Not bad, came out clean.


----------



## alsgto04 (Nov 21, 2007)

Came out looking good.


----------



## EVL GOAT (Feb 1, 2009)

thanks. I need to touch up the one on the drivers side for some reason it didn't turn out as good as the passengers side.


----------



## matts60gto (Sep 18, 2008)

that looks good what did you use? my 06 is black and i think that it would look good.


----------



## rextheracer (Jul 3, 2008)

looks sexy...see in the dark the cyclone grey looks GREY and not a shade of blue


----------



## jpalamar (Jul 22, 2008)

I did mine a few months back. Was the best mod ever. Used NiteShade and some clear. Of course I sanded really good between coats.

FYI, there is raised lettering on the side markers that needs to be filed down and sanded smooth or your finish will look like poo.


----------



## wkendtoy (May 10, 2008)

How did you do your rims? I have a black 06 and think it would look good all black.


----------



## jpalamar (Jul 22, 2008)

Powder coat your wheels. Shops can do it for about $70 a each or so.


----------



## Rukee (Feb 8, 2007)

I get the concept of black on black, but I don't care for the black rims. Looks too much like 4 mini spares when it's on the road.





Don't hate me!! :cheers


----------



## MJGTOWISH (Jun 15, 2006)

jpalamar said:


> Powder coat your wheels. Shops can do it for about $70 a each or so.


Where? cost me 600$ for all four....... 70$ rim is really low, you have to do a lot of work to freaking powder coat a rim and 70$ a pop wouldn't even seem worth it to me.


----------



## jpalamar (Jul 22, 2008)

Thats what I was qouted. $70-85 a rim by a few different shops. Granted, thats bringing them without tires on and all too.


----------



## MJGTOWISH (Jun 15, 2006)

Things must be cheaper in philly, also is that with them having to sand blast? and would they be using that cheap ass powdercoat or something?


----------



## jpalamar (Jul 22, 2008)

MJGTOWISH said:


> Things must be cheaper in philly, also is that with them having to sand blast? and would they be using that cheap ass powdercoat or something?

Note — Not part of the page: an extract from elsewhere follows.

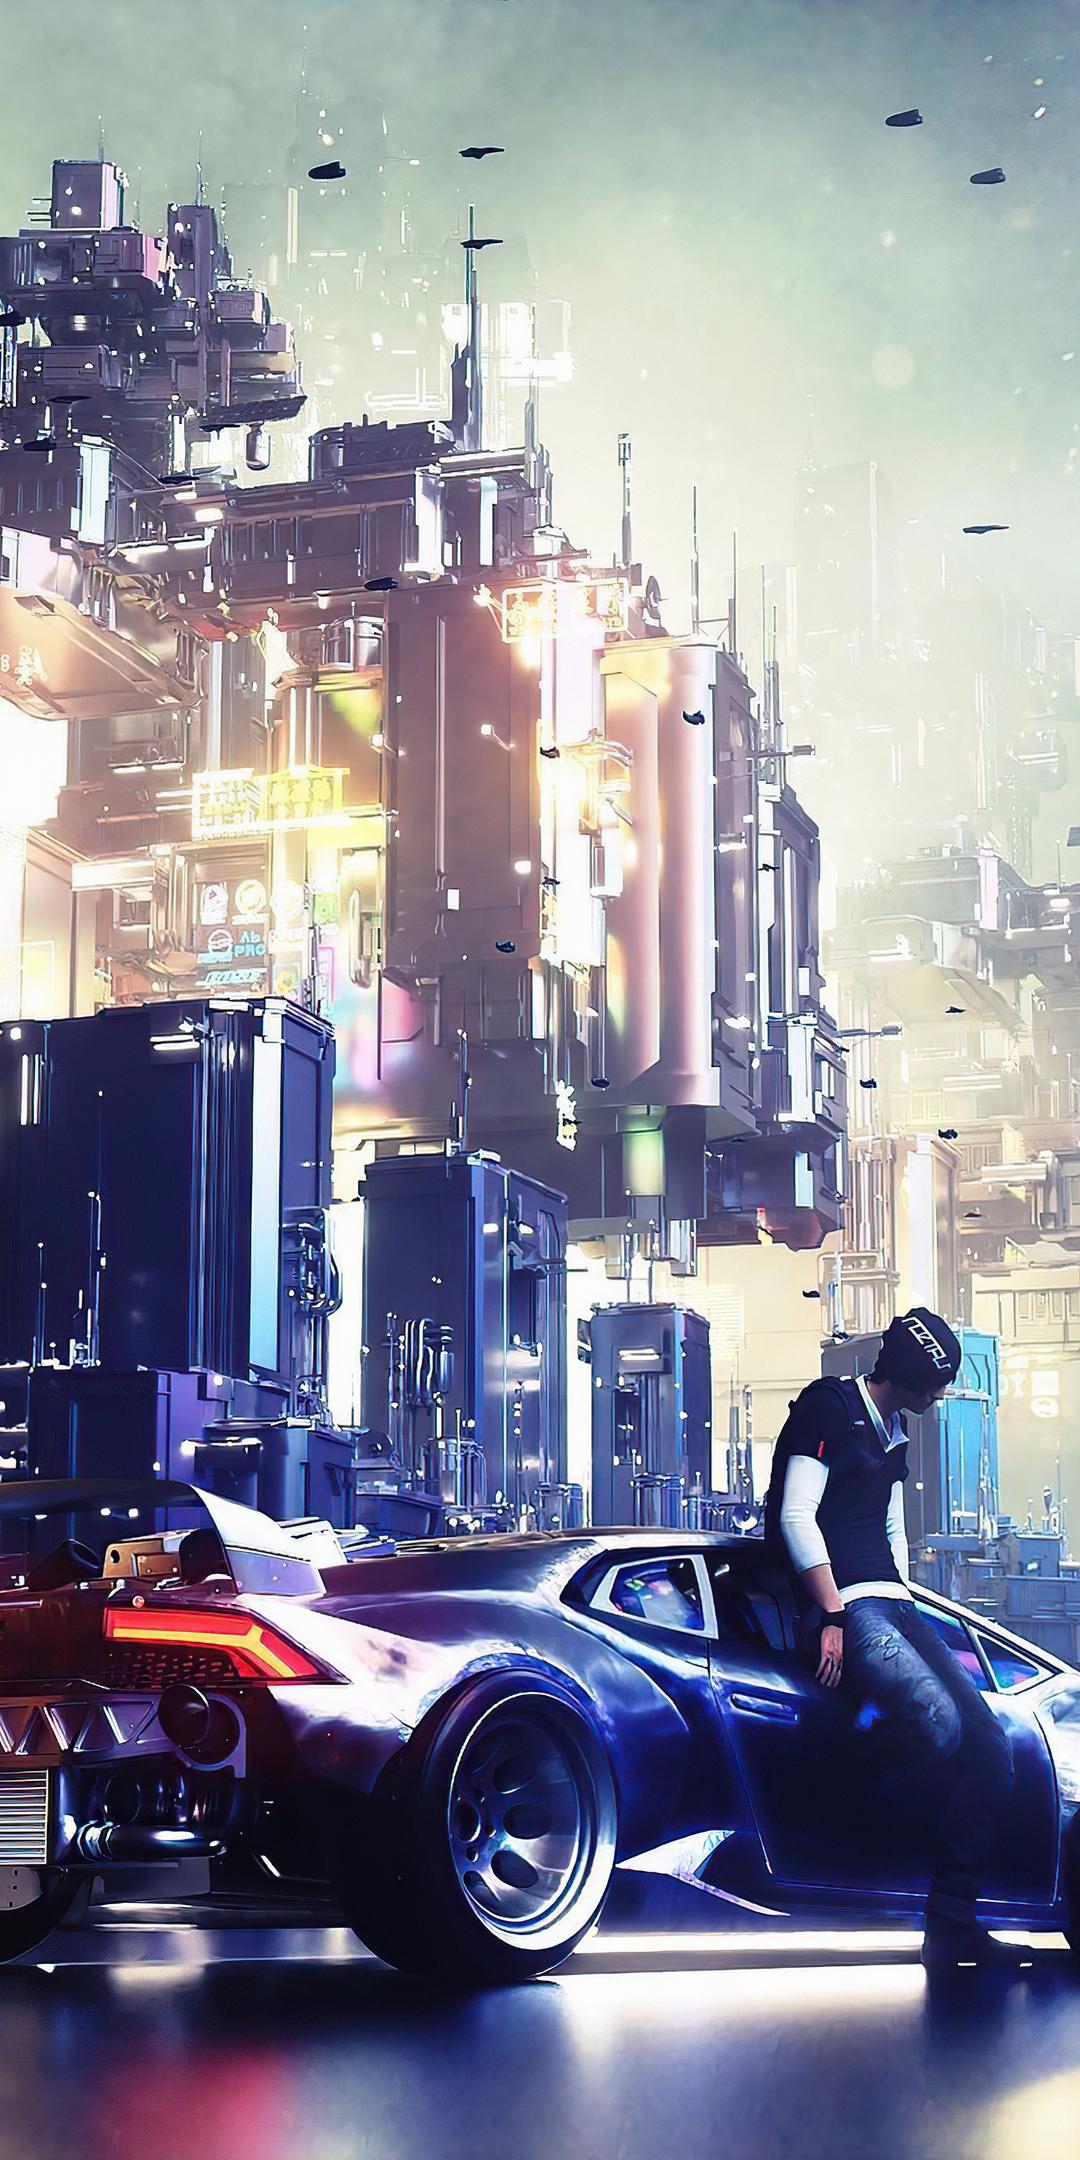 lambo-cyber-ride-4k-vv.jpg

I know they were going to sand blast them and then they said something about a clear also. Couldn't tell you the quality but it was from a local machine shop that has a decent reputation. Probally cause of their high volume they can offer the price.


----------



## Rukee (Feb 8, 2007)

That or, they're _REALLY_ hungry right now.


----------



## MJGTOWISH (Jun 15, 2006)

i'm going to go with what rukee said....I had to lower some prices too...., but anyway right now for what the shops out here want I can ship to them and back to me and still save 100$+ infact you do it let me see how it looks and i just might lol


----------